Rick Holland, Chief Information Security Officer, Vice President Strategy at Digital Shadows, says the prominence and continued use of stolen credentials indicates that there is still work to be done to prevent breaches. One thing that strikes him about this year's Verizon DBIR report is that the data set is pre-pandemic, he adds. "The "current state of security" is dramatically different today than it was two months ago. I'm very interested to see how the new remote working paradigm impacts next year's report. It is crucial to understand the data set and limitations for any reporting. The fact that the DBIR's primary analytical data focus is from the 2019 caseload doesn't devalue the report; there are still many year over year trends that are useful for defenders. Also, the DBIR should serve as one of many data points in your risk management strategy, which should be complemented by an organization's own internal incident and breach reporting.
Chris Morales, head of security analytics at Vectra, says, "What I think the Verizon DBIR demonstrates is who is targeting what industry and what they are doing. Attribution is interesting in the sense it paints a picture of who is behind a breach and what they do. The motives behind an attack tend to be consistent for each industry as does the risk and data in those industries."
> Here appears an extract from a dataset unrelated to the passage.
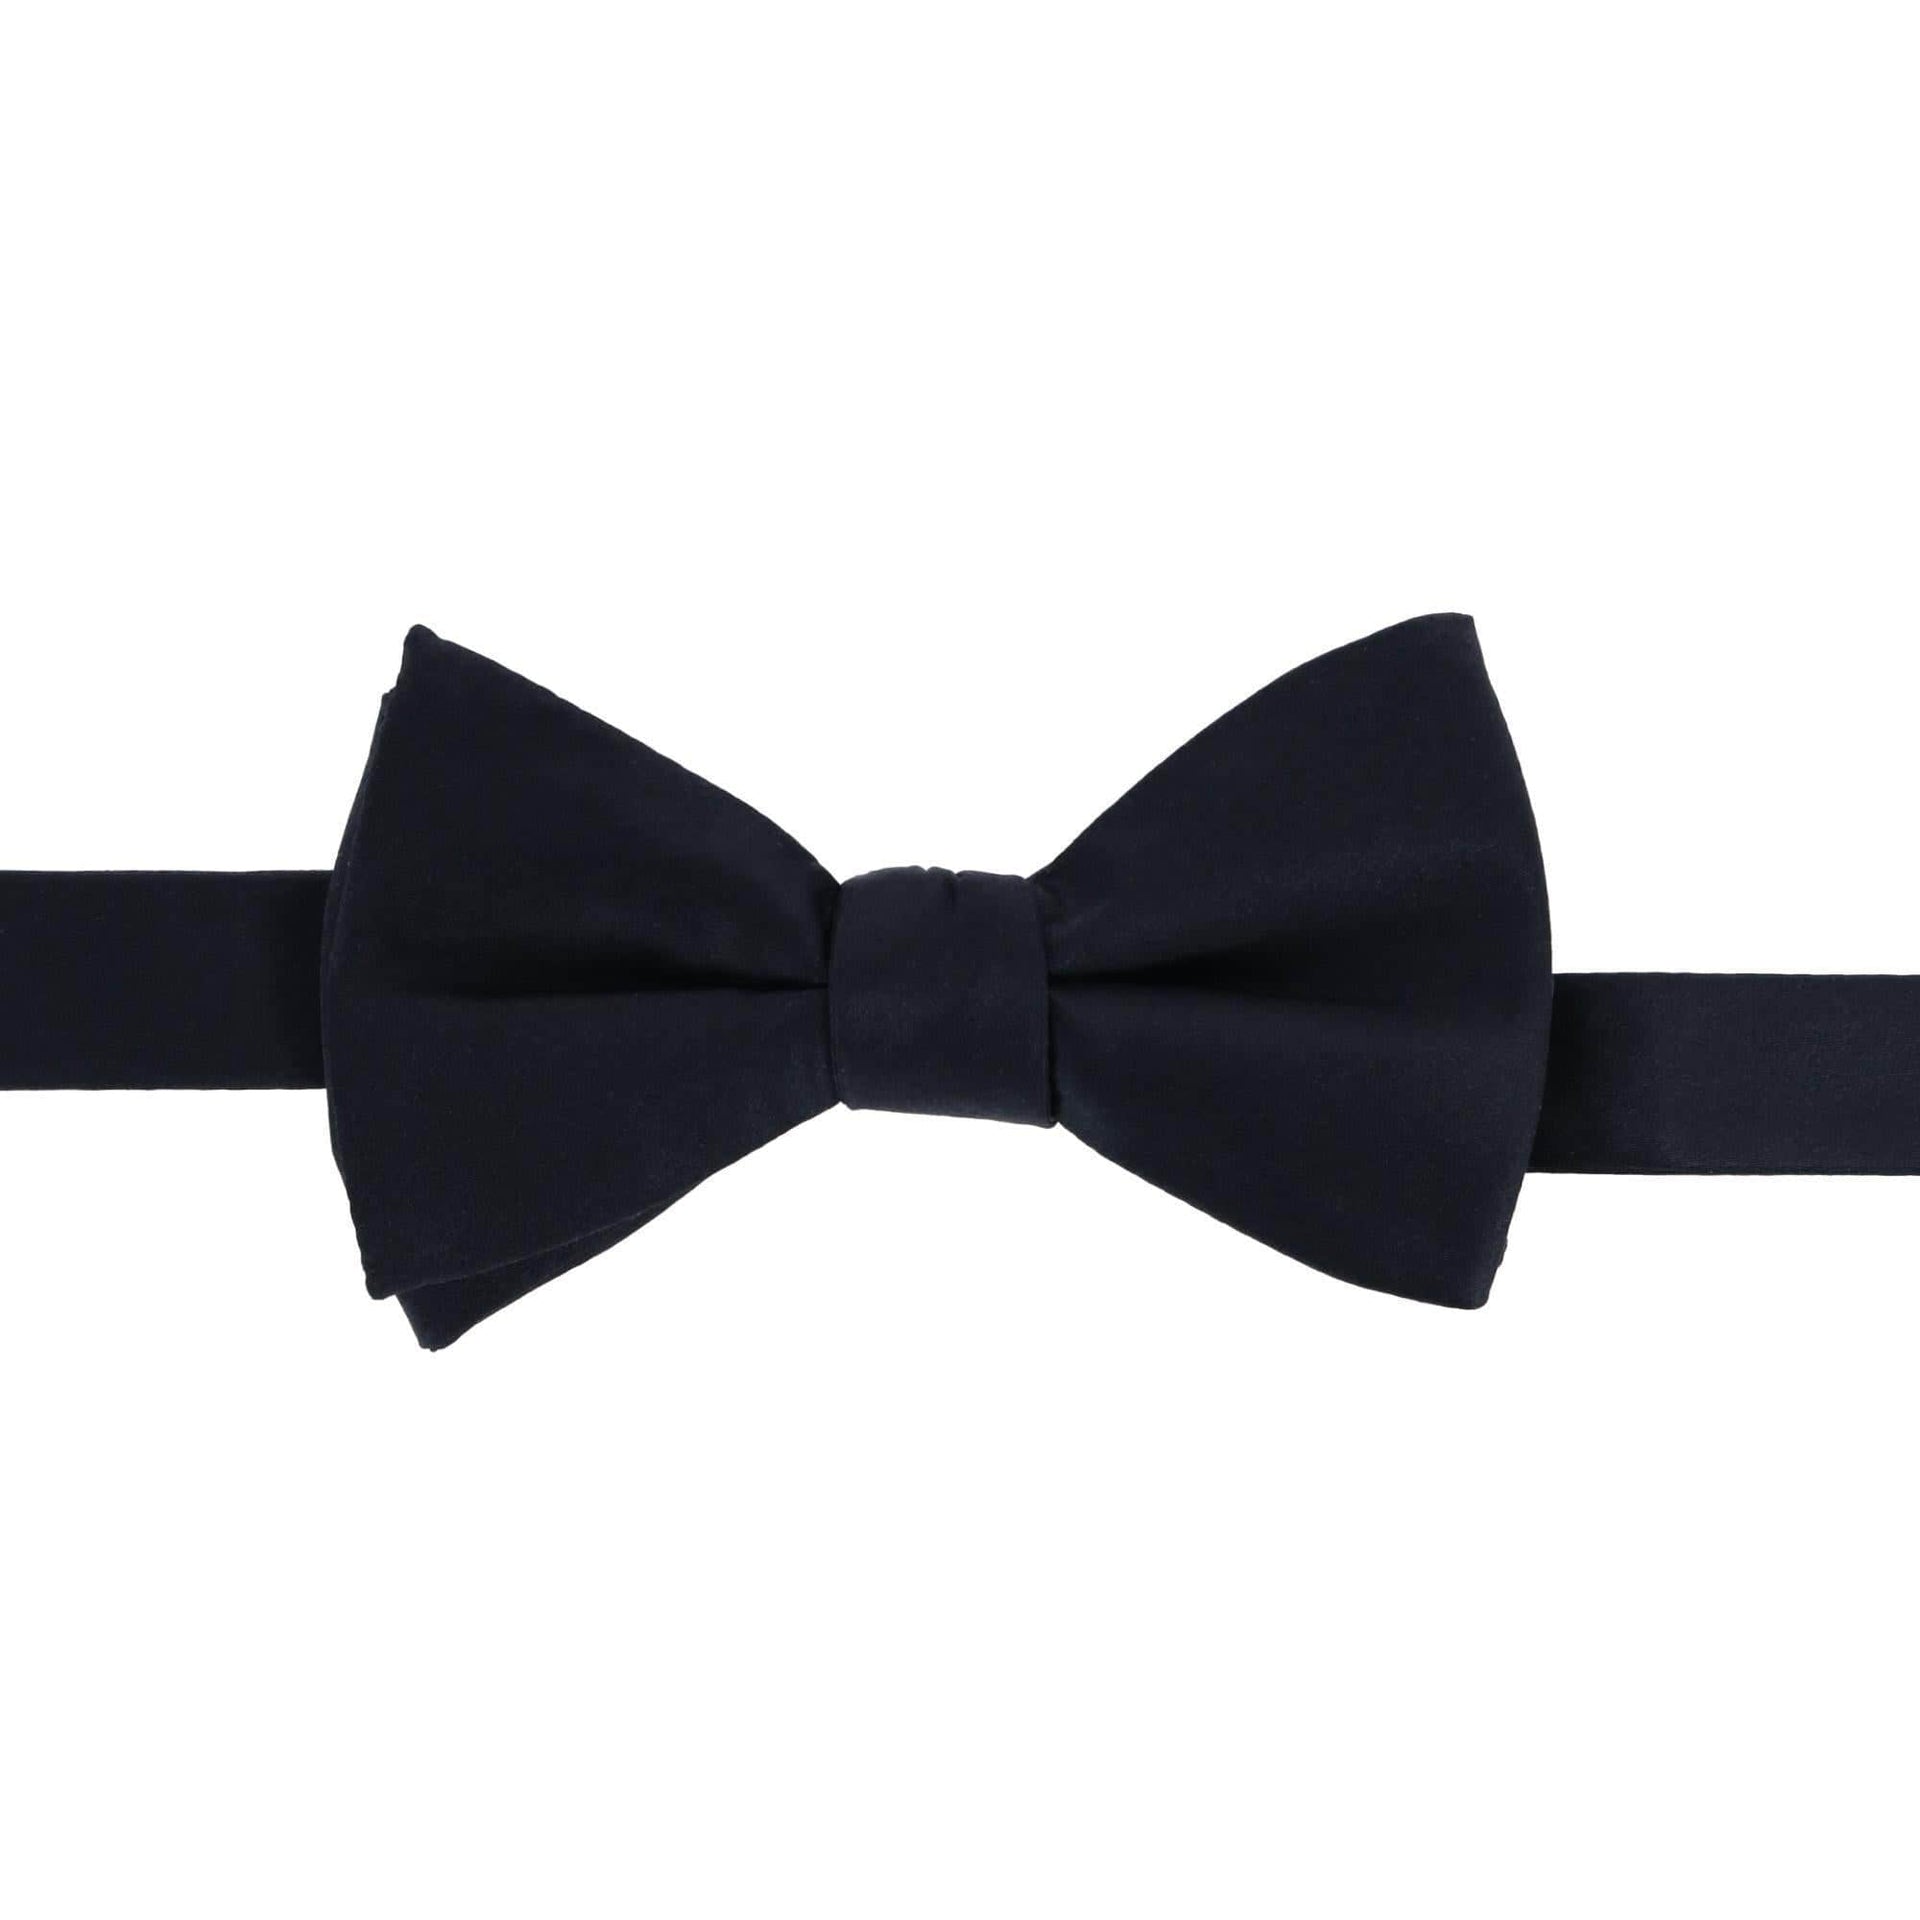 Sutton Solid Color Silk Bow Tie by Trafalgar Men's Accessories
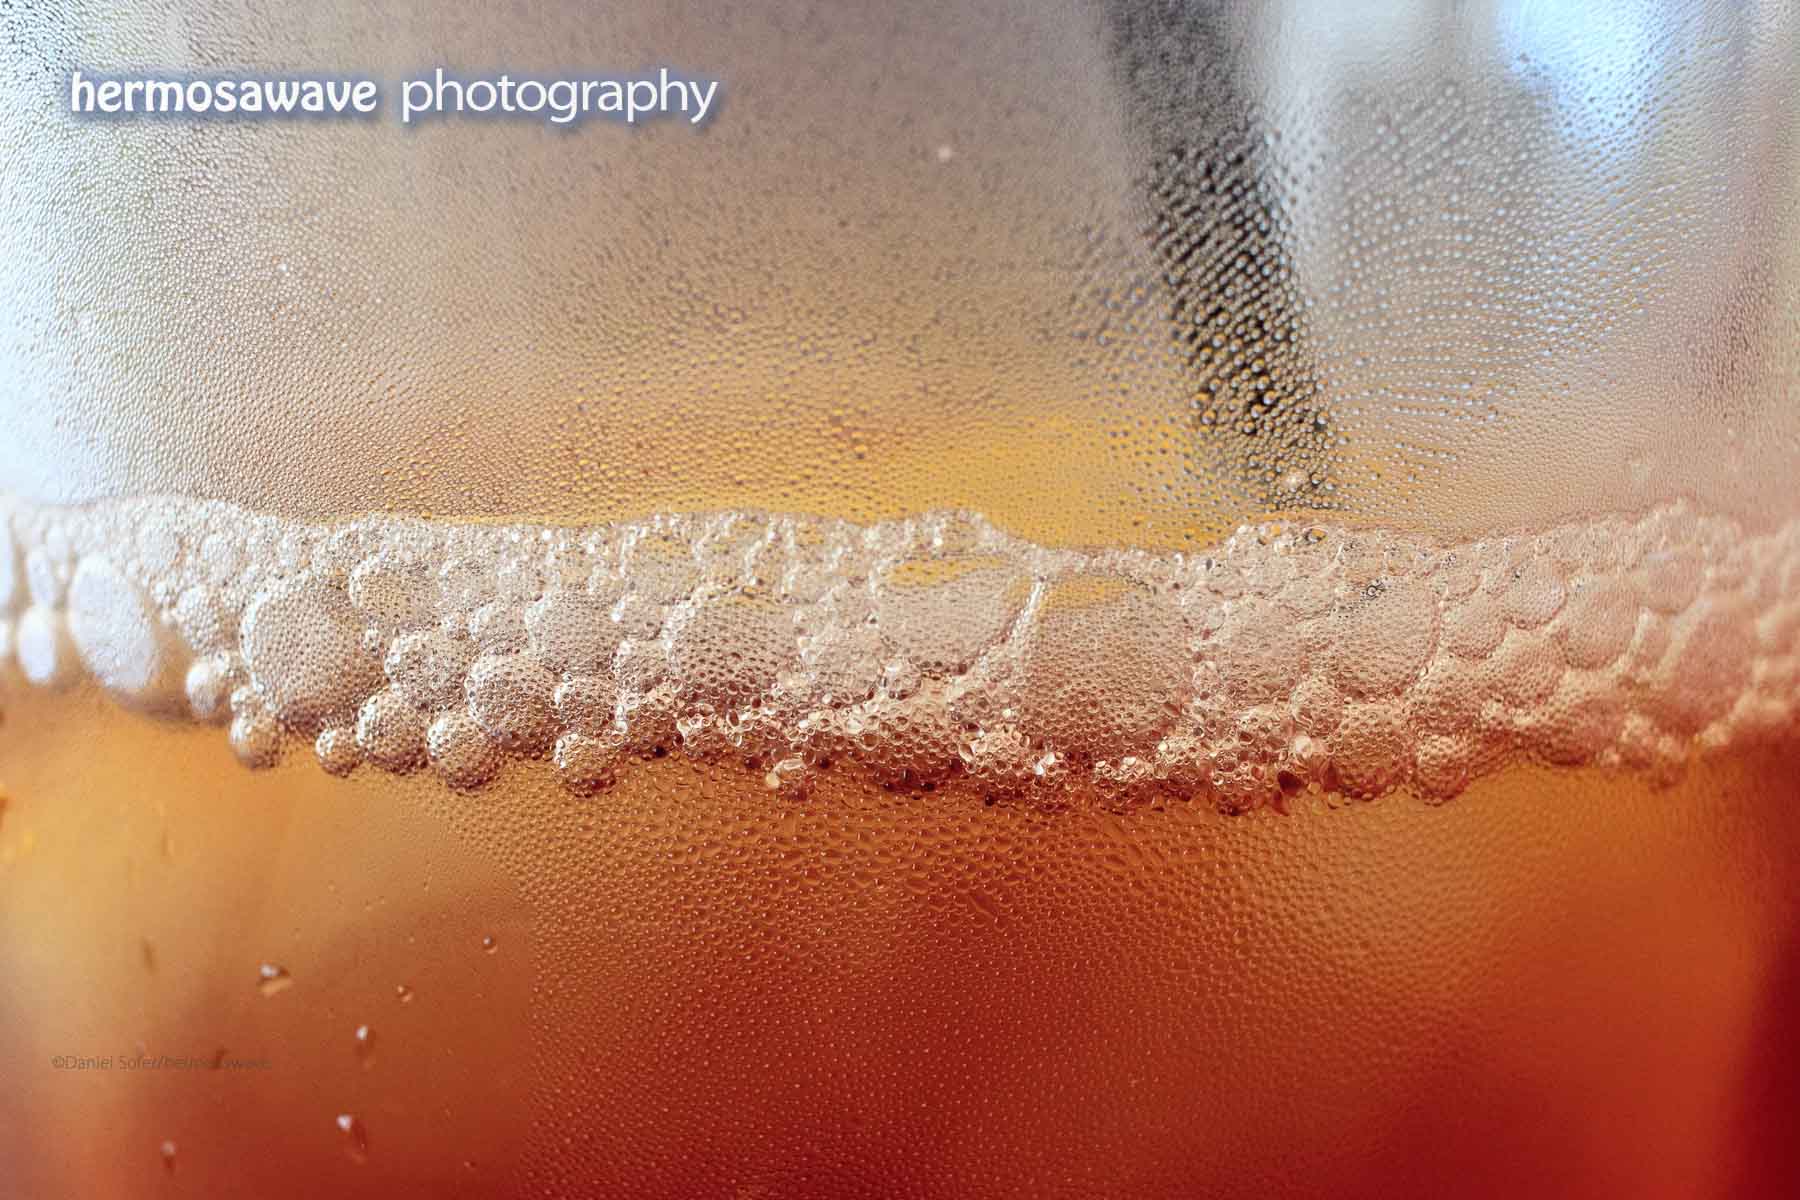 Condensation

"Yet, what happened last year will only paint a partial picture of the tools, tactics and procedures being implemented now in what is a dramatically shifted threat landscape over the last few months. A threat landscape that might be more permanent than temporary," Morales adds. "For example, an increase in the use of SaaS like Office 365 and Zoom for intrusion and lateral movement techniques. The higher obfuscation of command and control and data exfiltration in companies that previously would never allow remote work-from-home."
Shahrokh Shahidzadeh, CEO at Acceptto, notes that the top actions for breaches remain credentials, misconfiguration and phishing. "Credentials are still the favorite attack surface, and within the past three years, range fluctuates between 75-81 percent. The reduction in malware is just aligned with the previous year’s trend and is a function of the risk balloon getting squeezed as alternative attacks reward balance out. Besides, if you think about January 2020 alone, and weigh in the key breaches reported during the first month of 2020, then you will realize the shift is insignificant."
Shahidzadeh adds, "These reports are usually a trailing indicator given a significant number of breaches that occurred in 2019 simply have not been discovered yet. And yes, understanding the threat balloon risk and the associated financial motivation is how we deal with risk management. That said, any <6 percent reduction is simply noise."